Rishi Sunak campaigning in Crawley, West Sussex, this week

According to the manifesto, the scheme would allow first-time buyers to get a government equity loan worth up to 20% to buy a new build property, helping them to get a 5% deposit on affordable interest terms.

The scheme would last three years, with developers contributing towards loan costs and no interest on the government loan for the first five years. The Times reports that the scheme would be available for purchases under £400,000.

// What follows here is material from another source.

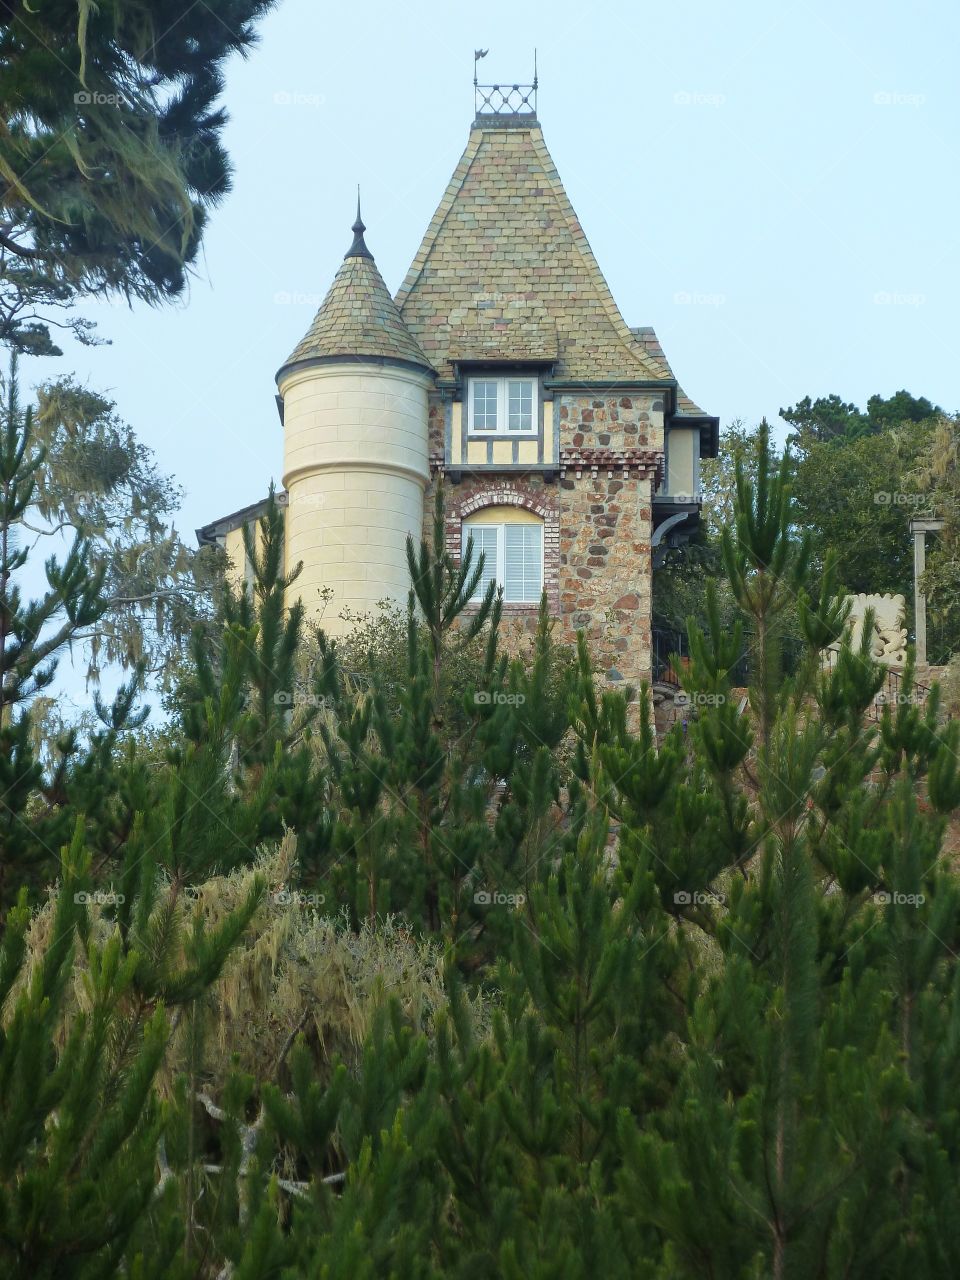 Fairytale Home. Carmel-By-the-Sea

The manifesto promised to deliver 1.6m new homes in the next parliament “by speeding up planning on brownfield land in our inner cities and by scrapping defective EU laws”.

This would include abolishing nutrient neutrality rules, with developers to be required to pay a one-off mitigation fee so there is no net additional pollution.

The party also pledged to renew the affordable homes programme but did not provide any specifics about what this would entail.

>> See also: Labour pledges to help 80,000 buy a home through ‘permanent’ mortgage guarantee scheme

The Conservatives also pledged to speed up the average time it takes to sign off major infrastructure projects from four years to one.

It said it would reform “outdated EU red tape” to better protect nature while enabling the building of homes, prisons and “new energy schemes”.

It said it would allow quicker changes to consented projects, ensure national policy statements are regularly updated, ensure statutory consultees are focused on improving projects in line with clearer objectives and “end frivolous legal challenges that frustrate infrastructure delivery”. And it said it would amend the law to make it difficult for people to bring judicial reviews that don’t have “merit”.

Sunak also said he would “curb funding to rip off degrees” in order to fund 100,000 apprenticeships for young people

Tax reforms dominated the manifesto, with the Conservatives set to scrap tax on profits made by landlords who sell their properties to tenants.

The party would also indefinitely continue the existing £425,000 threshold before which first time buyers have to pay stamp duty.

However the headline change will be the 2p off national insurance, which is set to be implemented by 2027. For the self-employed, the Tories have committed to abolishing the main rate of NI by the end of the parliament.